PROBLEM DESCRIPTION:
Only one stretch of the data below is needed: the line with "Bursts blockhouse Reveals" through the last line. Output it exactly and drop the pictures.

MATERIAL PROVIDED:
/---

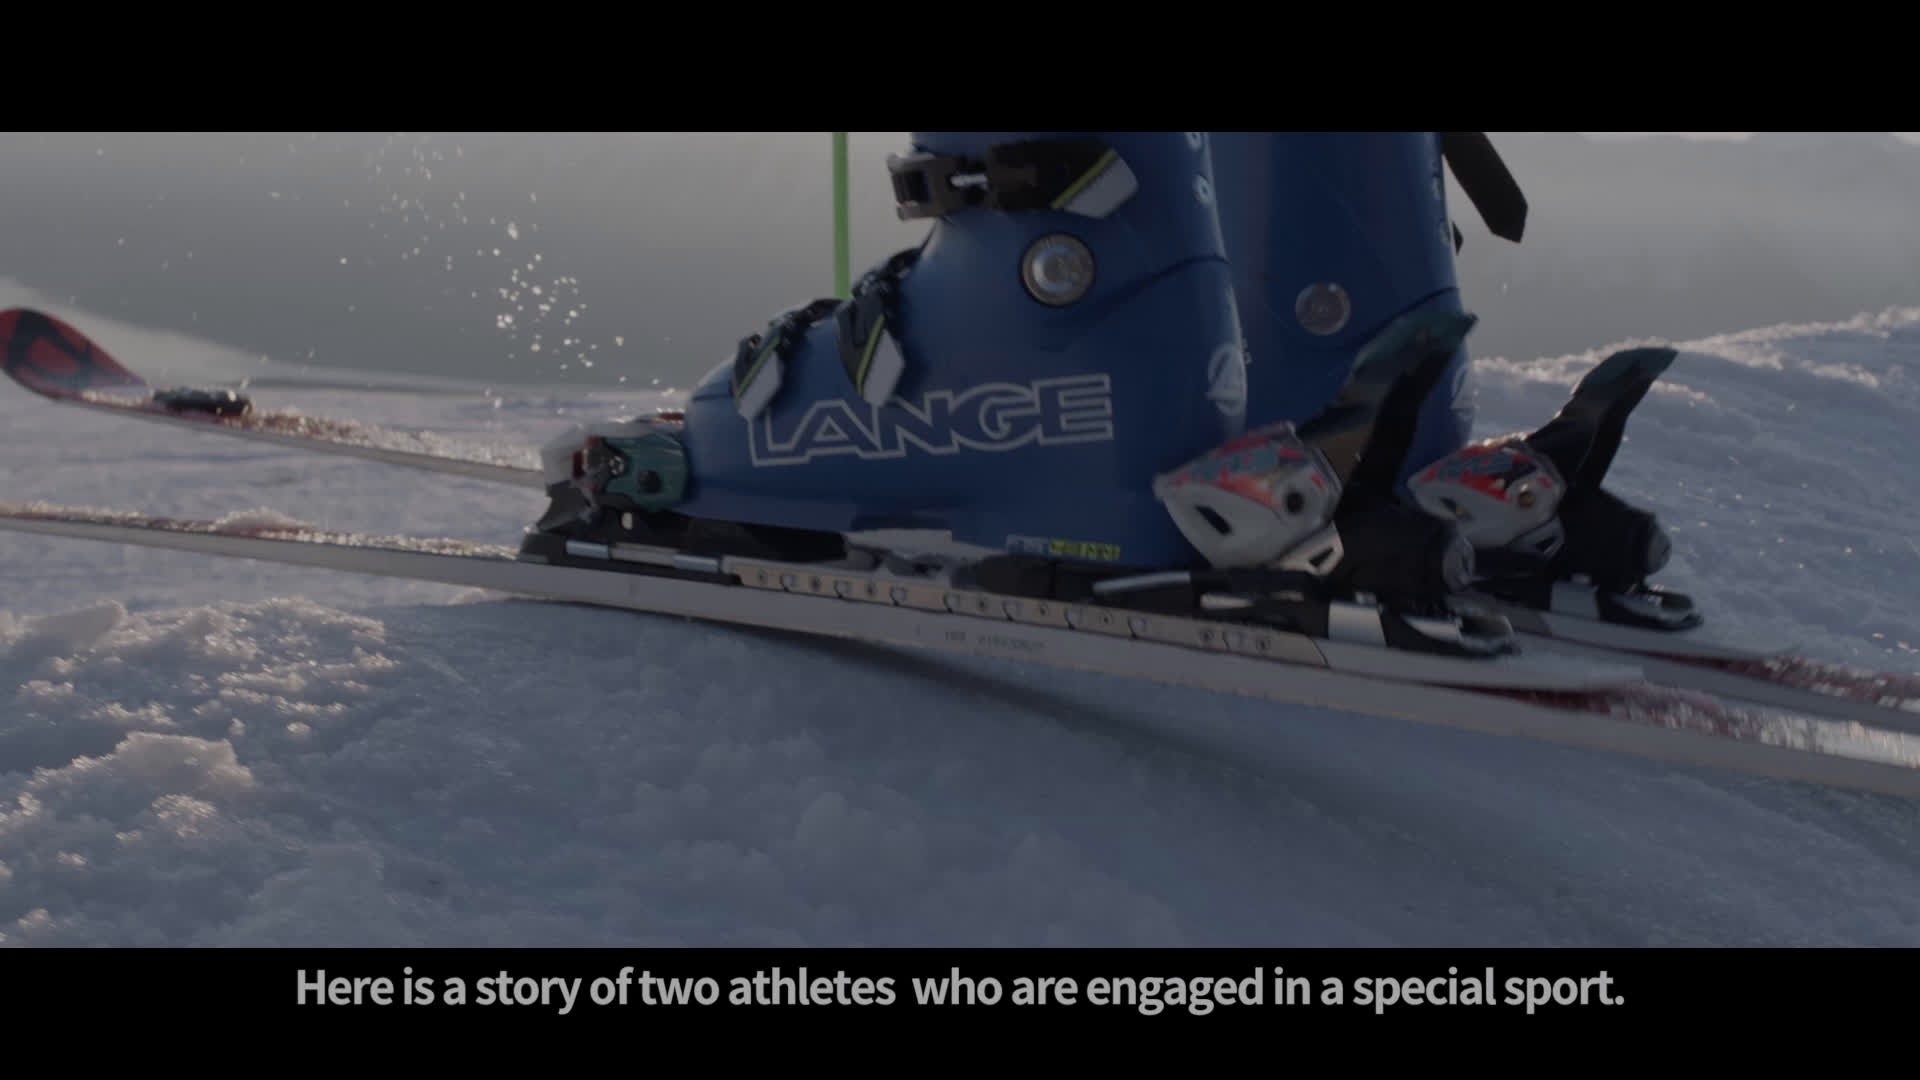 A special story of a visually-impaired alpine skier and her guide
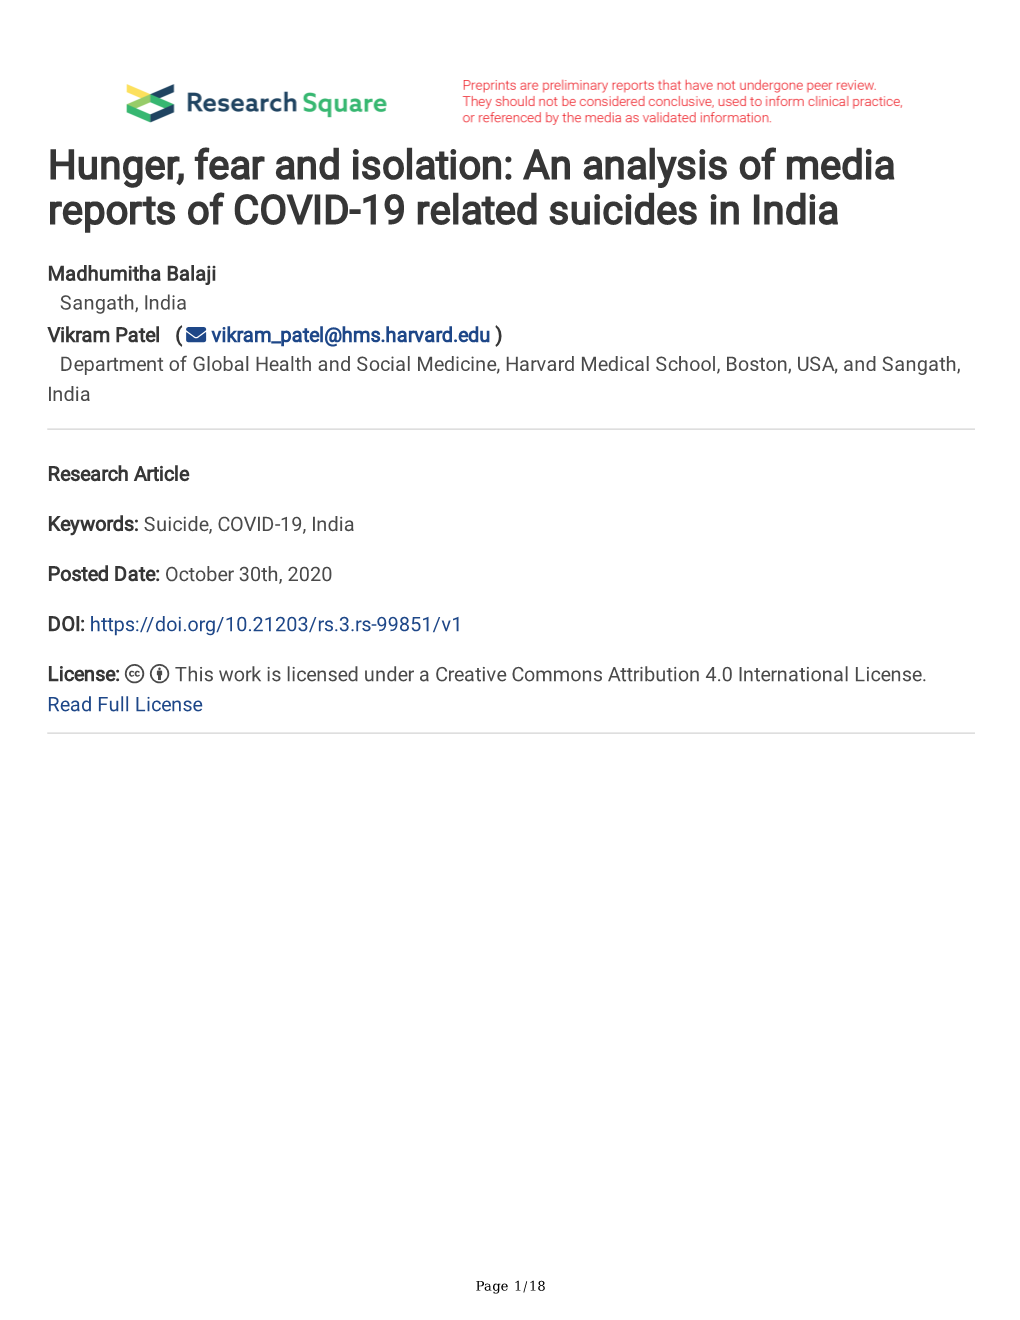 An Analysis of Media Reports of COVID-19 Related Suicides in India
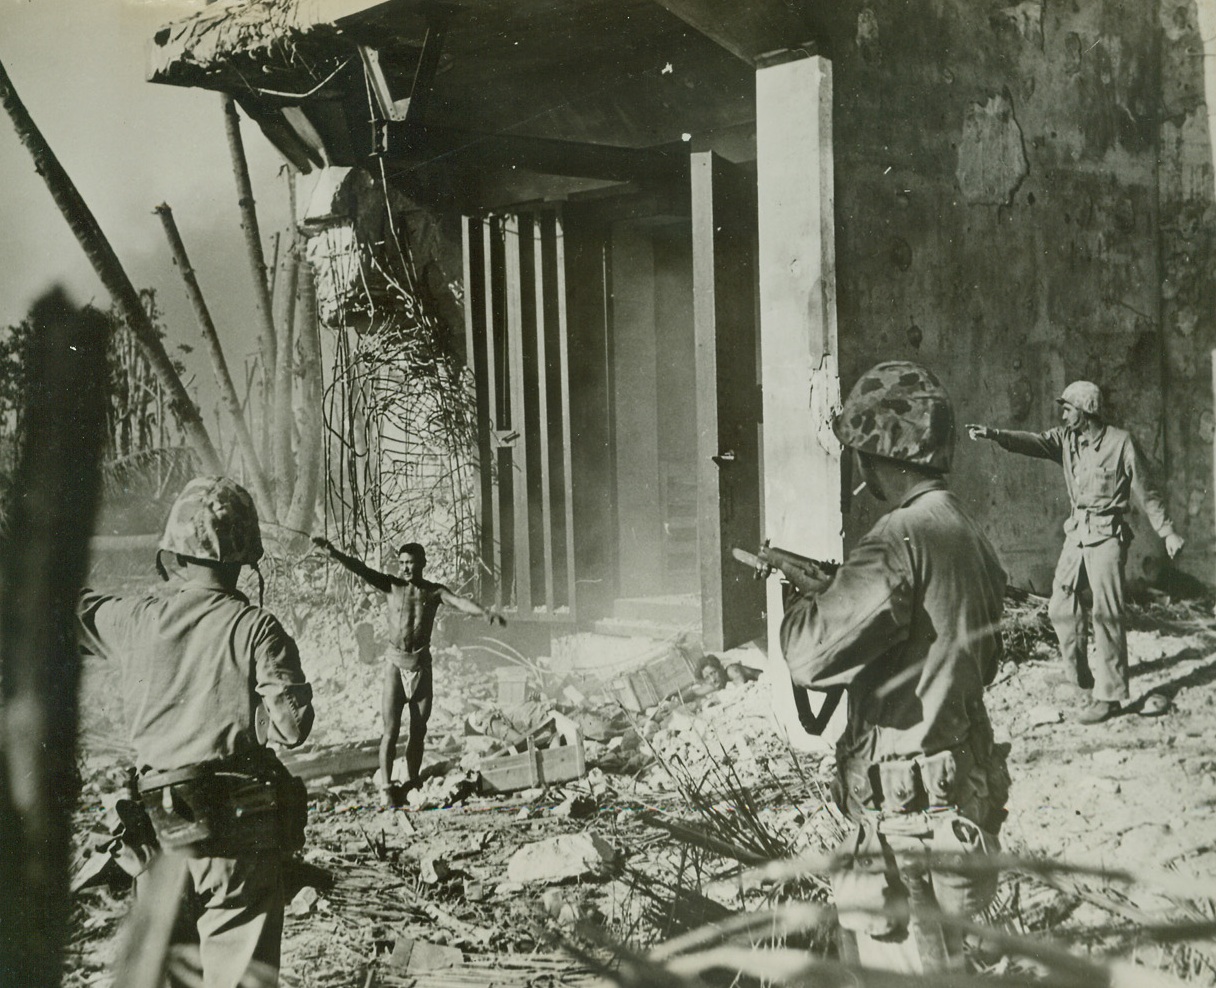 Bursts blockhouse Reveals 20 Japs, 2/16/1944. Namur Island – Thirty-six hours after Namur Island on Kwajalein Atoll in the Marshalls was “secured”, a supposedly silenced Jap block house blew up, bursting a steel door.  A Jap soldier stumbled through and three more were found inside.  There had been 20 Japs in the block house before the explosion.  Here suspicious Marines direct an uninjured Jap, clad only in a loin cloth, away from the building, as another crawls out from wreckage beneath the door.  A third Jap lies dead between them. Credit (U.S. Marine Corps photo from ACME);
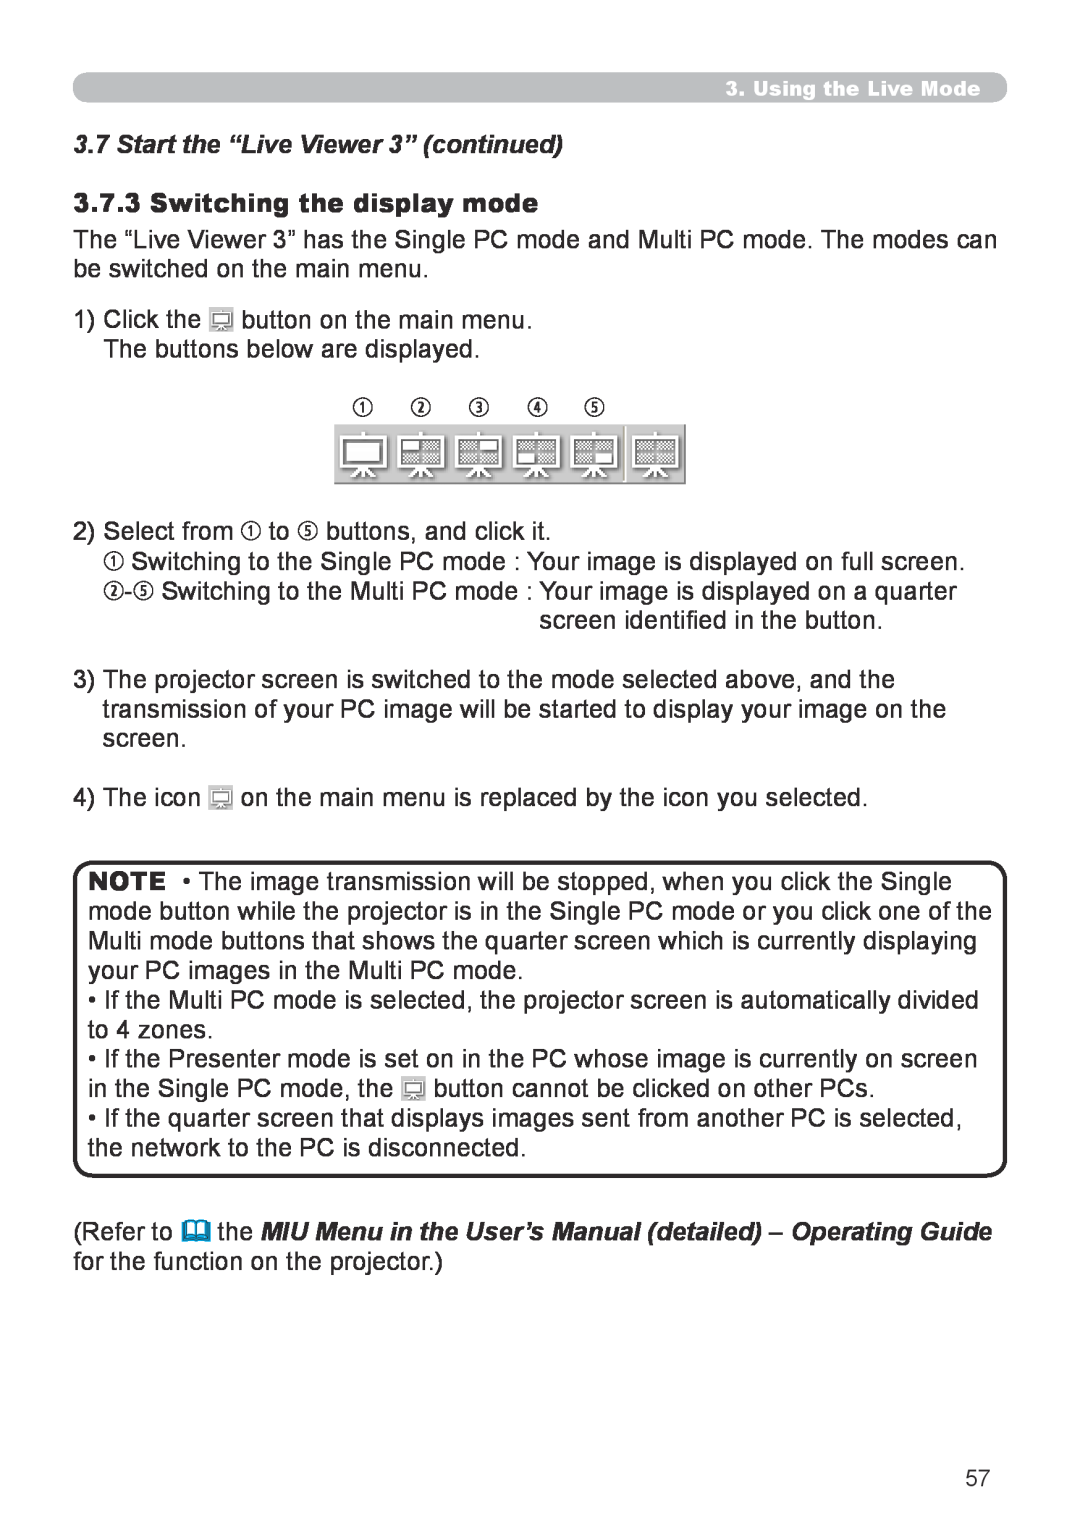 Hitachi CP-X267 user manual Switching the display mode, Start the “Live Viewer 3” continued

\---

RESULT OF THE EXERCISE:
 Bursts blockhouse Reveals 20 Japs, 2/16/1944. Namur Island – Thirty-six hours after Namur Island on Kwajalein Atoll in the Marshalls was “secured”, a supposedly silenced Jap block house blew up, bursting a steel door.  A Jap soldier stumbled through and three more were found inside.  There had been 20 Japs in the block house before the explosion.  Here suspicious Marines direct an uninjured Jap, clad only in a loin cloth, away from the building, as another crawls out from wreckage beneath the door.  A third Jap lies dead between them. Credit (U.S. Marine Corps photo from ACME);
 Hitachi CP-X267 user manual Switching the display mode, Start the “Live Viewer 3” continued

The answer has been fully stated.